→ WHAT YOU SHOULD DO
Write the data below out exactly as it stands. Do not include the pictures.

→ INFORMATION PROVIDED
--- START ---

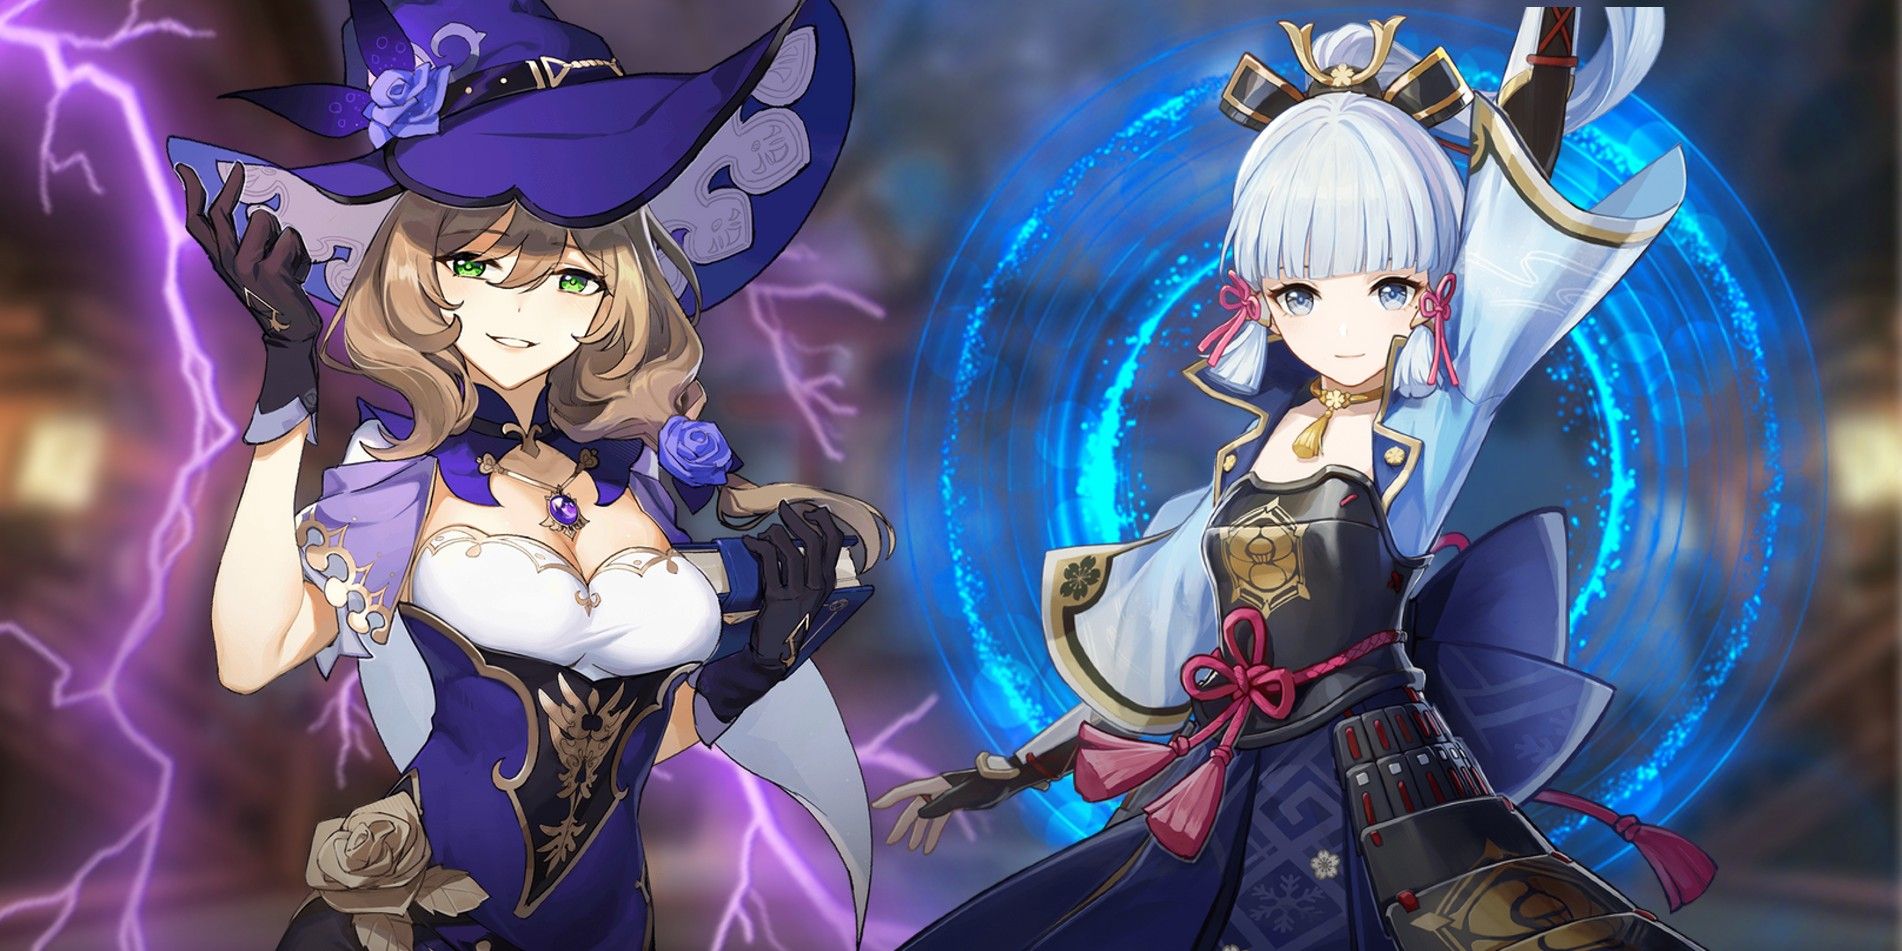 Ayaka de Genshin Impact à direita com um efeito de luz circular azul atrás dela e Lisa à esquerda com um raio roxo atrás dela.
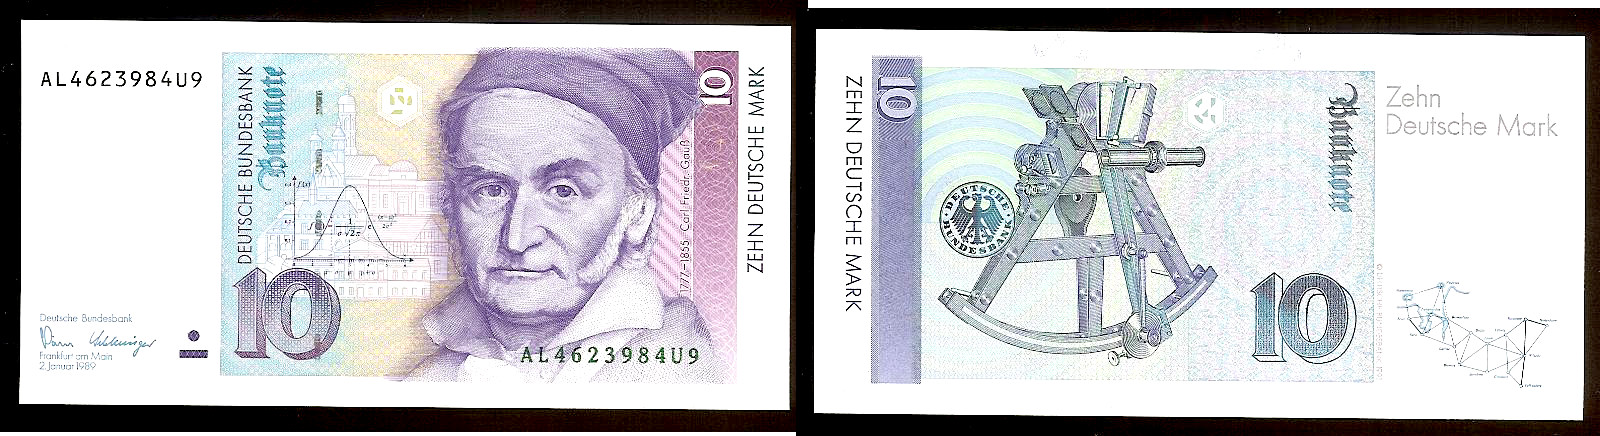 10 Deutsche Mark ALLEMAGNE 1991 NEUF
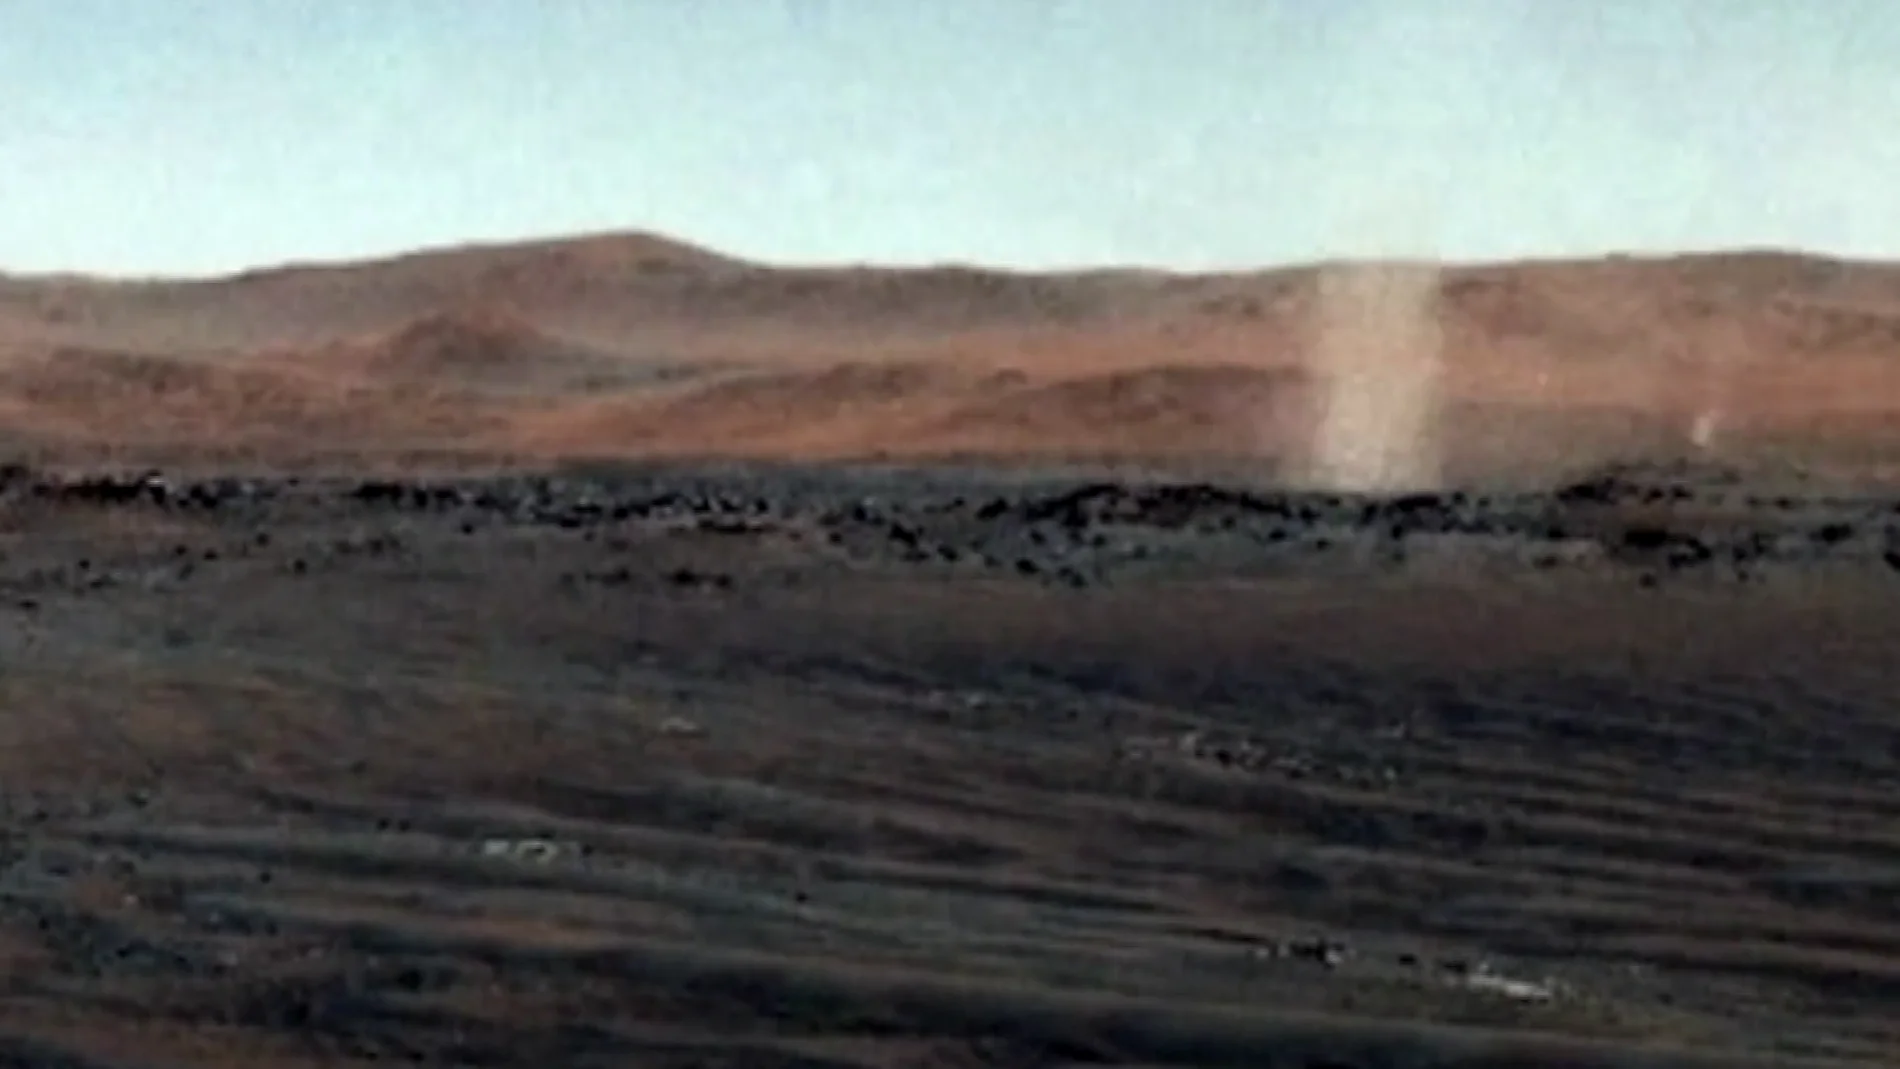 Imagen de Marte del rover Perserverance de la NASA

--- END ---

→ FINAL ANSWER
 Ayaka de Genshin Impact à direita com um efeito de luz circular azul atrás dela e Lisa à esquerda com um raio roxo atrás dela.
 10 Deutsche Mark ALLEMAGNE 1991 NEUF
 Imagen de Marte del rover Perserverance de la NASA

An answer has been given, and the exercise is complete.